Single Blog Title

This is a single blog caption

ARAÇ İŞLETEN ve SORUMLULUKLARI

İnsanlar hayatının büyük bir bölümünde günlük yaşamındaki sorumluluklarını yerine getirebilmek adına ulaşım araçlarına ihtiyaç duyarlar. Kimilerinin her gün gitmek zorunda olduğu bir işi, kimilerinin okulu, kimileri de seyahat amaçlı olarak ulaşım araçlarına ihtiyaç duyarlar. Son zamanlarda özellikle de ülkemizde toplu taşıma araçlarında ki kullanımında bir artış söz konusudur. Hal böyleyken toplu taşıma araçlarını kullandığımız sırada bu araçların karışabileceği olası bir kaza halinde bizim bu mağduriyetimizden kimlerin sorumlu olacağı bilinmesi gereken önemli bir konu haline gelmiştir. Olası bir trafik kazası halinde maddi ve manevi olarak bazı mağduriyetler yaşamamız oldukça muhtemel bir şeydir. İşte bizim bu yaşayacağımız mağduriyetlerin giderilmesi hususunda haklarımız kanunen koruma altına alınmıştır. Toplu taşıma araçlarını kullandığımız sırada bir kaza gerçekleşti ve bu kaza neticesinde maddi ve manevi boyutları olan kayıplarımız olduğunu farzedelim. Bu kayıplarımızdan araç sürücüsü, aracın işleteni ve sigorta şirketini sorumlu tutabiliriz. Bu yazımızda mağdurlara karşı sorumluluk altında olan araç işletenin sorumluluğundan bahsedeceğiz.

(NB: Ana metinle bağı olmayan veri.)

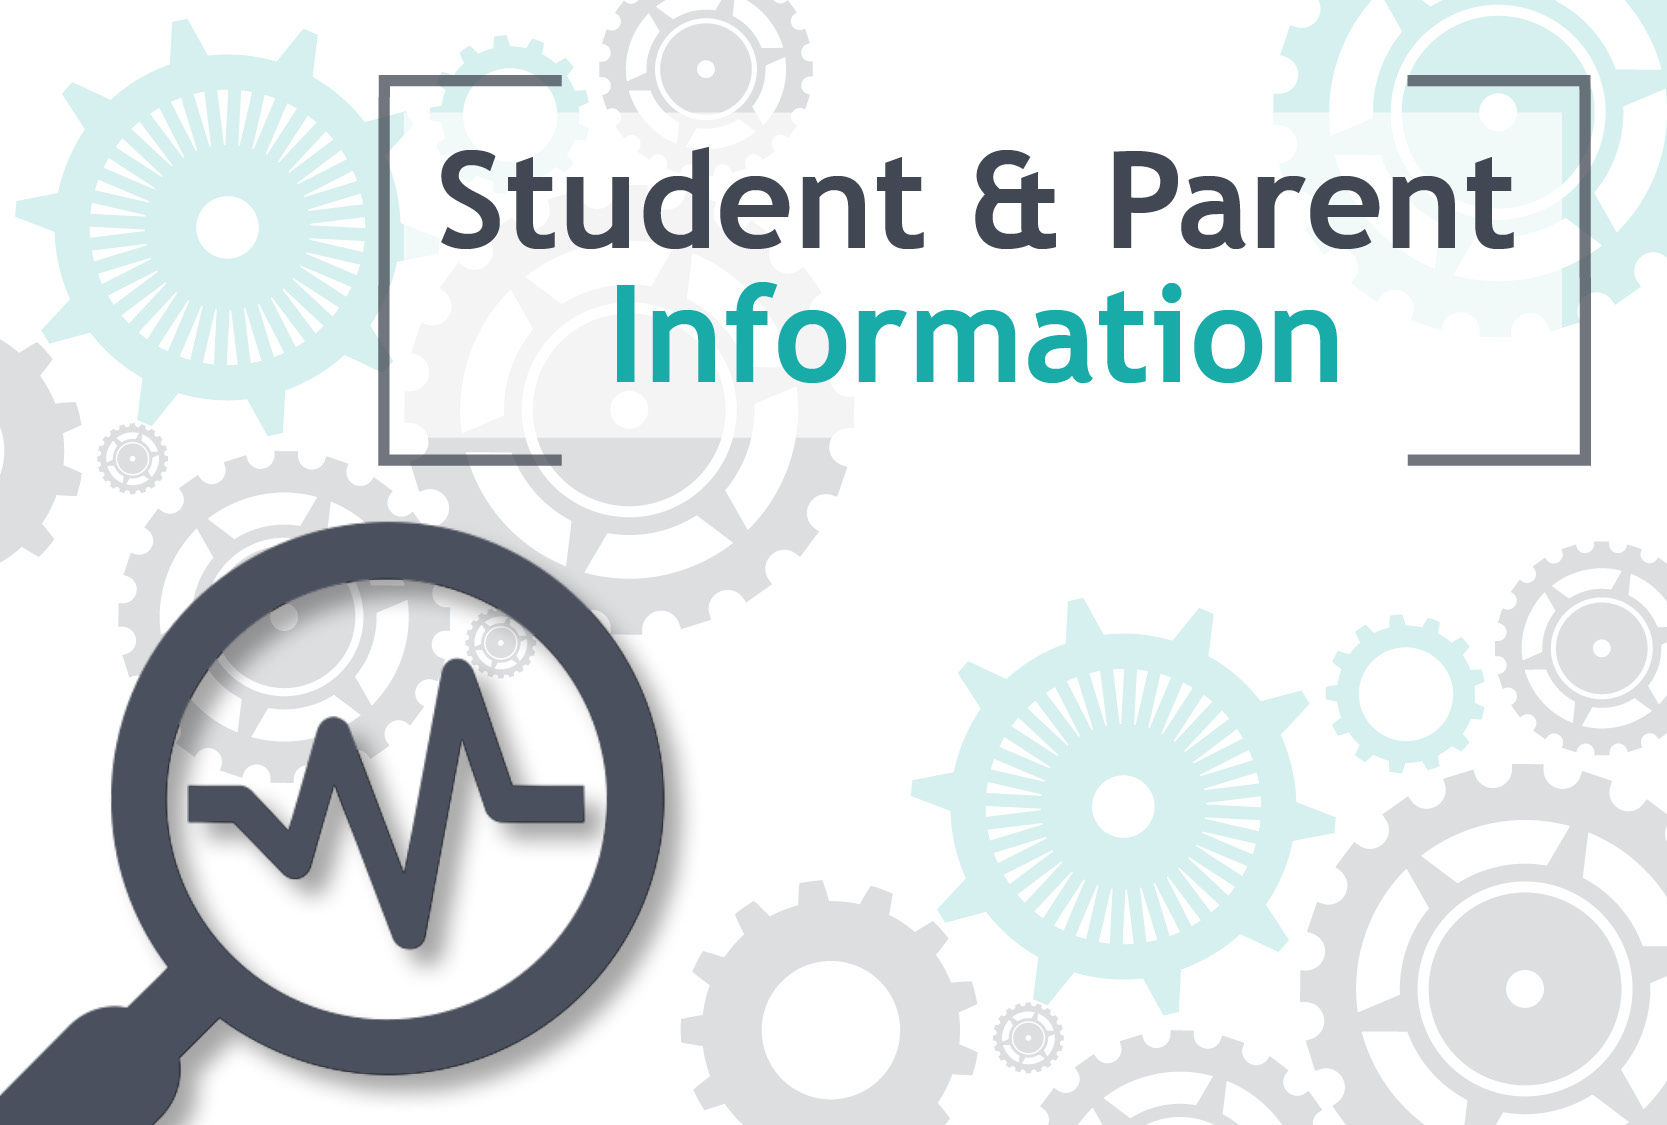 Student & Parent Information

Araç İşleten Kimdir: Trafik kazalarından kaynaklanan tazminat davaları, tazminat ve sorumluluk hukukumuzda önemli bir yere sahiptir. Bu davalarda kusurlu olanların yanında, araç işleteninde kusursuz sorumluluğu mevcuttur. Bir başka deyişle, araç işleteni kazanın meydana gelmesinde bir kusuru olmasa bile kusursuz olarak sorumlu tutulmaktadır. İşleten kavramını, motorlu aracı amacına uygun kullanan, gelir elde eden, yararları olan, giderlerine katlanan kişi olarak tanımlayabiliriz.İşleten kavramı Karayolları Trafik Kanunun 3. maddesinde ise şu şekilde açıklanmıştır: “Araç sahibi olan veya mülkiyeti muhafaza kaydı ile satışta alıcı sıfatı ile sicilde kayıtlı görülen veya aracı uzun süreli kiralama, ariyet veya rehini gibi hallerde kiracı, ariyet veya rehin alan kişidir. Ancak ilgili tarafından başka bir kişinin aracı kendi hesabına ve tehlikesi kendine ait olmak üzere işlettiği ve araç üzerinde fiili tasarrufu bulunduğu ispat edilirse, bu kimse işleten sayılır.” bu açıklama doğrultusunda mülkiyeti muhafaza kaydı ile satışta alıcı sıfatıyla sicilde kayıtlı görülen kişi veya arıcın uzun süreli kiralama, ariyet veya rehin gibi hallerde kiracı, ariyet veya rehin alan kişi aracı kendi hesabına ve tehlikesi kendine ait olmak üzere işlettiği ve araç üzerinde fiili tasarrufu bulunduğu kanıtlanan kişi işleten sayılmaktadır. İşleten kavramını gerçek işleten ve farazi işleten olarak ikili bir gruplandırma yaparak incelemek mümkündür.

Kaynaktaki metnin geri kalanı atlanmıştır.